In the year to come I will have the opportunity to take some of the most significant and exciting steps toward completing my PhD that have yet been available to me. With my exams behind me, I look forward to beginning a project which I hope will provide a new and vital perspective on a relationship as old as humans themselves. Attitudes toward animals and the place afforded to them within western society have undergone radical changes over the last two centuries. In his seminal essay, “Why Look at Animals?”, John Berger locates the most significant rupture in human-animal relations in North America and Western Europe around the nineteenth century.
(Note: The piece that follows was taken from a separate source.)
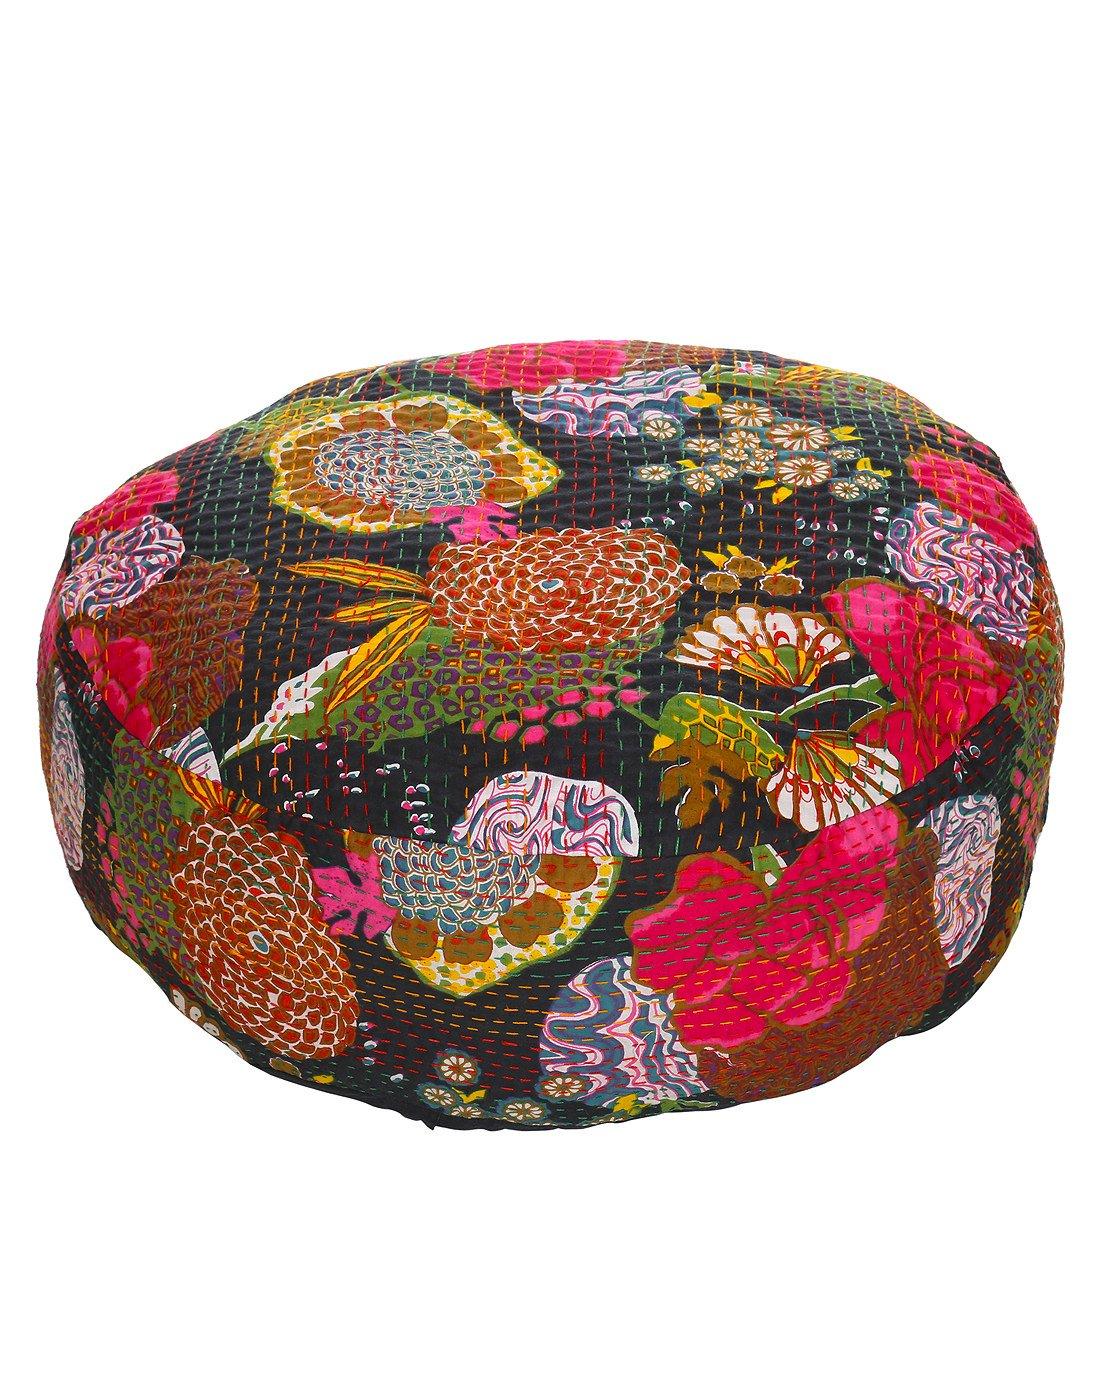 Rajrang Elegant Fruit Cushion Cover Black Cotton Kantha Work Cushion Cover OTM01131

By analyzing texts from writers uniquely positioned as both observers and agents of the changes taking hold in their society, my dissertation seeks to highlight the ways in which these men and women attempted to come to terms with the increasingly disturbing absence of animals within the human sphere. German Romanticism in particular is rife with human-animal encounters, each of which offers a chance for the author to address, reconfigure, or even reject the concept of a clear animal-human divide. While scholars such as Derrida have criticized western philosophy and theology in perpetuating this divide, I believe that literature has played a fundamentally different and previously unexplored role. My contribution will be to identify this unfortunate gap and to show how language inherited from the Romantic tradition carries the potential to bridge the very divide it sought to describe.